In contrast, Staphylococcus, Streptococcus, Bacterioides, Faecalibacterium, Ruminococcus, Lactobacillus, and Propionibacterium species were isolated from samples obtained from healthy individuals (56). Lower microbial diversity, depletion of commensal obligate anaerobes, and increased abundance of opportunistic pathogens in patients with mastitis were confirmed in another study. Functional metagenomics identified several gene pathways in bacterial secretion system and motility proteins related to bacterial proliferation and colonization in sub-acute and acute mastitis samples. It was reported that ~45% of genes belonged to metabolism, 18% to environmental information and processing, 14% to genetic information processing, and 1% to human diseases (57).

A significant difference in the microbiome composition of nipple aspirate fluid between healthy individuals and patients with BC suggested the potential role of the ductal microbiome in BC incidence. The analysis of nipple aspirate fluid in patients with BC revealed a relatively high proportion of Alistipes genus, while an unclassified strain of the Sphingomonadaceae family was more abundant in healthy individuals. Moreover, BC-related microbes increase beta-glucuronidase activity that may increase cancer risk (31). It is also proved that chemotherapy results in significant deviations of healthy microbial populations and their metabolomic profiles. A decrease in Bifidobacterium, Eubacterium, Aureus, and Clobacterium species and an increase in Acinetobacter, Xanthomonadaceae, and Stenotropomonas species were observed in the milk of healthy females and those of the ones undergoing chemotherapeutic treatment for Hodgkin's lymphoma (58).

Gut Microbiome

Host-Gut Microbiome Interaction

The human gastrointestinal tract supports the growth of beneficial microbiota owing to their ability to protect the body against pathogens (59). Their contribution to immune system development and maintenance (60), the fermentation of indigestible fibers into short-chain fatty acids (SCFAs) (61), production of essential amino acids (62) and vitamins (63), absorption of minerals (64), and deactivation of toxins (65) and carcinogens (66) are among their benefits. Animal model studies showed associations between the microbiome and the development of many diseases, including cancer (67, 68). Diet can contribute to the development of various diseases, including cancer (69), since it has a direct role in controlling the composition of the microbial community. Accordingly, a plant-based diet stimulates bacterial diversity (70), while animal-based regimen decreases the Firmicutes population (the common bacterial phylum in breast tissue) in digestive system. Shifting to a plant-based diet would increase Firmicutes population (71). Thus, changes to the diet might contribute to the development of diseases through alternation in microbial metabolism and production of toxic metabolites.

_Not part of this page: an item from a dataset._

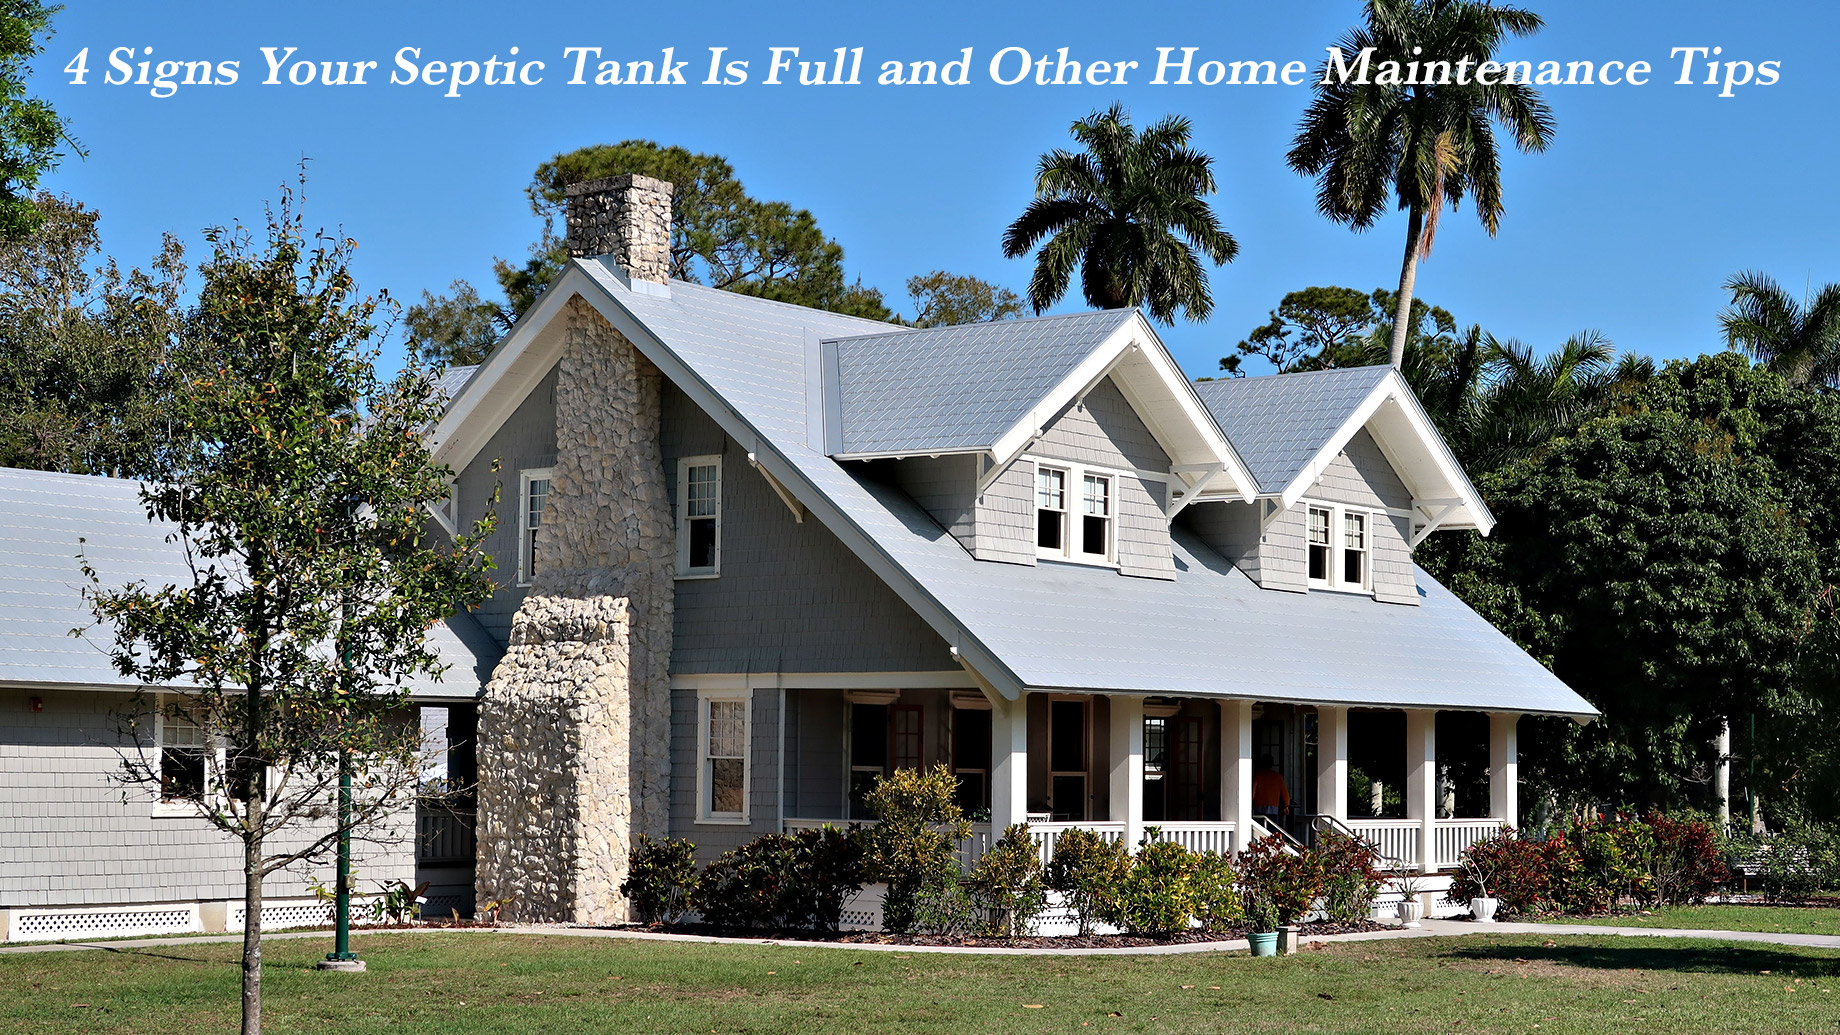 4 Signs Your Septic Tank Is Full and Other Home Maintenance Tips
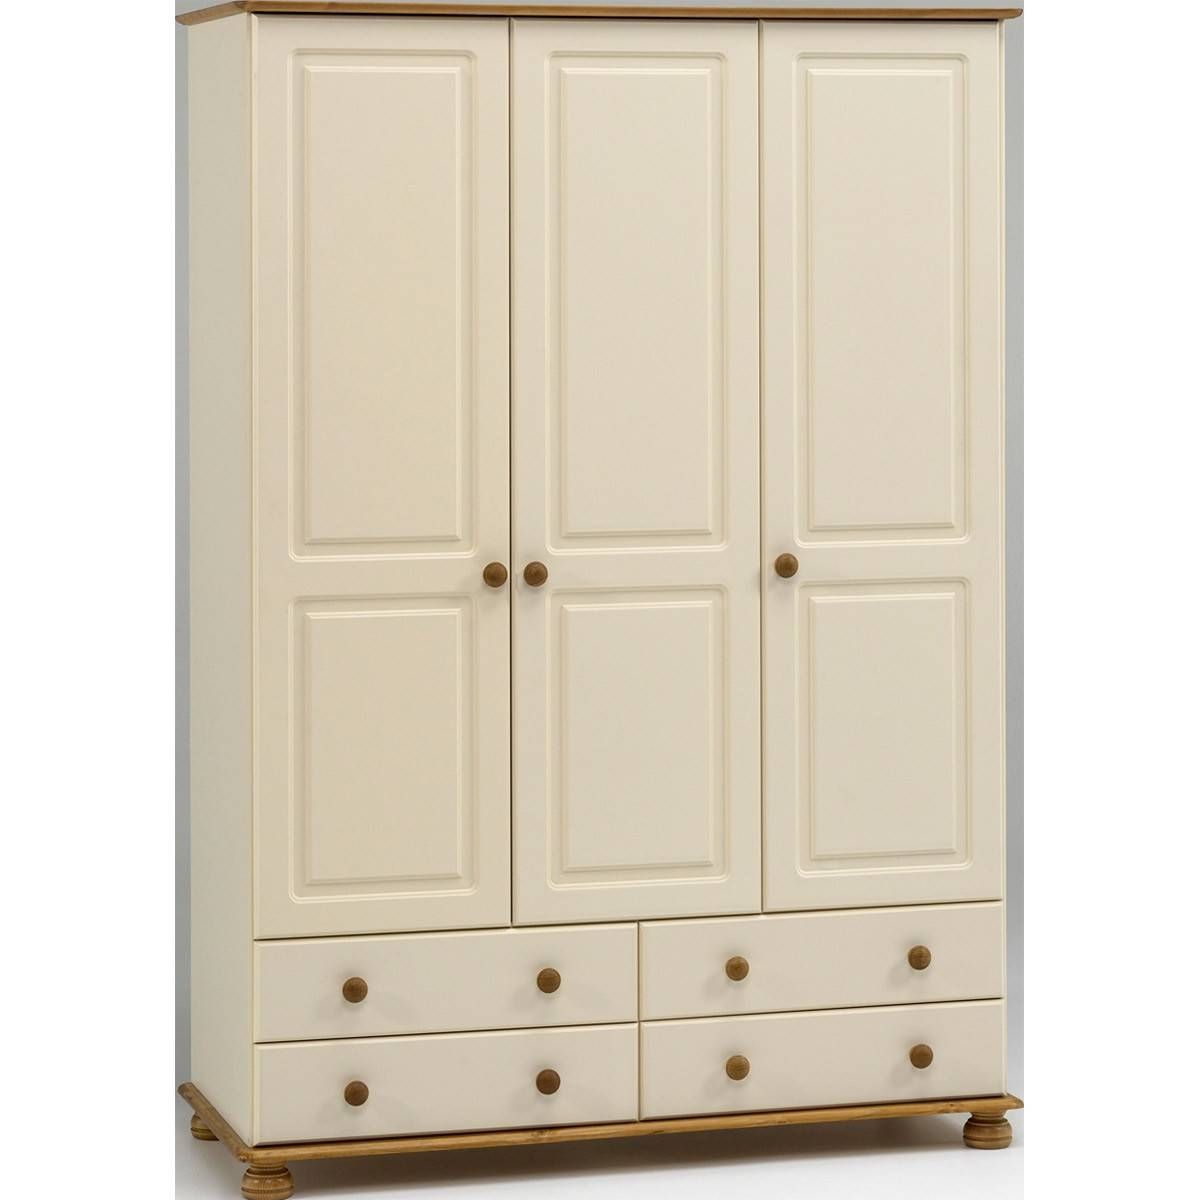 Salisbury Cream And Pine 3 Door 4 Drawer Wardrobe From The Pertaining To Pine Wardrobes With Drawers (View 8 of 15)

Some evidence shows that the microbiome metabolite influences the occurrence of BC; this hypothesis may help estimate the cancer risk and prevention. For instance, cadaverine as a biogenic amine is formed through the direct decarboxylation of L-lysine (45). It is reported that cadaverine biosynthesis is reduced in the gut in early-stage BC, resulting in lower production of an anti-cancer bacterial metabolite and reduced BC invasion (45). It is shown that bacterial metabolites can stimulate oxidative and nitrosative stress that inhibit BC progression. These metabolites such as lithocholic acid can inhibit BC progression, epithelial-mesenchymal transition, and metastasis via activation of nuclear factor erythroid 2-related factor 2 (NRF2) and other proteins involved in the antioxidant defense system. Therefore, decreased microbiome diversity and quantity in gut microbiota affects these anti-proliferative metabolites that may result in BC or its progression (43). As previously mentioned, SCFAs are produced by microbiome when dietary fiber is fermented in the colon (72). Propionate, acetate, and butyrate are the three most predominant SCFAs. They are well-known modulators for cell invasion and apoptosis in BC (73). SCFAs can positively or negatively affect BC (74). The abundance of Akkermansia muciniphila, as a key player of propionate production, is associated with the richness of the gut microbiota in patients with BC (44).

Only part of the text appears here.